As shown in Figure2, EMM strongly inhibited iNOS protein production in a dose-dependent manner; however, COX-2 protein production was only inhibited by 100 μg/mL EMM, which is similar pattern observed in the PGE₂ secretion (Figure1B). In addition to iNOS protein, EMM also inhibited iNOS mRNA expression in a dose-dependent manner. Like inhibition of COX-2 protein, COX-2 mRNA expression was partially inhibited by 100 μg/mL EMM. These results suggest that the EMM-mediated inhibition of NO and PGE₂ production in LPS-stimulated macrophages is associated with downregulation of iNOS and COX-2 expression at transcriptional level.

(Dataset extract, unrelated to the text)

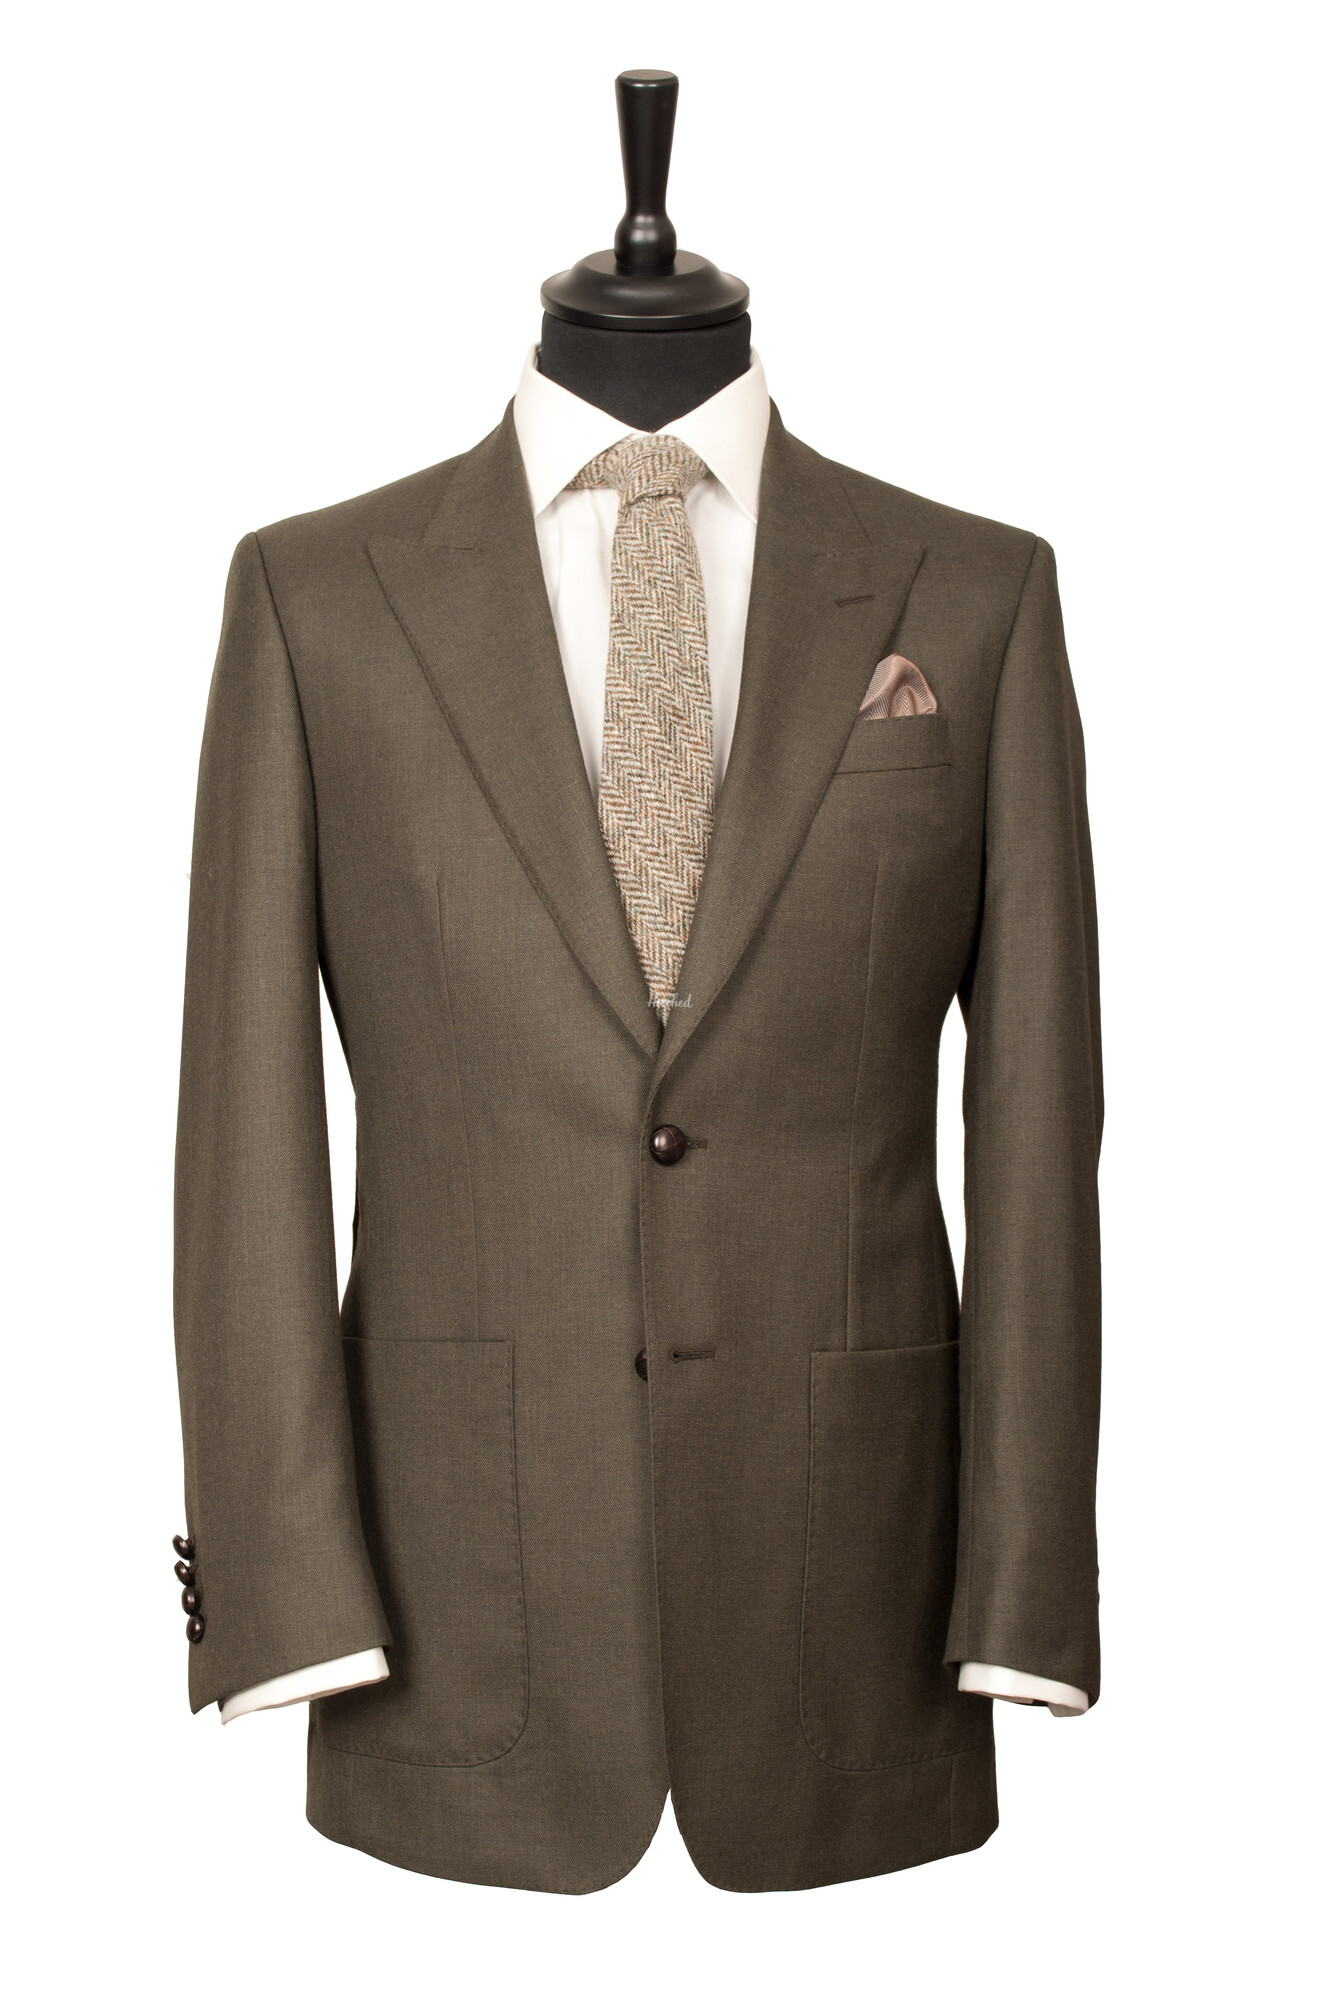 King & Allen Suit 1 Mens Wedding Suit from King & Allen - hitched.co.uk

Effect of EMM on LPS-induced iNOS and COX-2 protein and mRNA expression in RAW 264.7 cells. (A) Cells were pretreated with indicated concentration of EMM for 1 h and stimulated with LPS (1 μg/mL) for 16 h. Forty microgram of proteins were subjected to 10% SDS-PAGE. The expression of iNOS, COX-2, and β-actin protein was detected by Western blotting using corresponding antibodies. (B) Cells were pretreated with EMM for 1 h and stimulated with LPS for 6 h, and then total RNA was prepared for RT-PCR. The results presented are representative of three independent experiments. ^a p < 0.05 indicates significant differences compared to the control group. ^b p < 0.05 indicates significant differences compared to the LPS-only treated group.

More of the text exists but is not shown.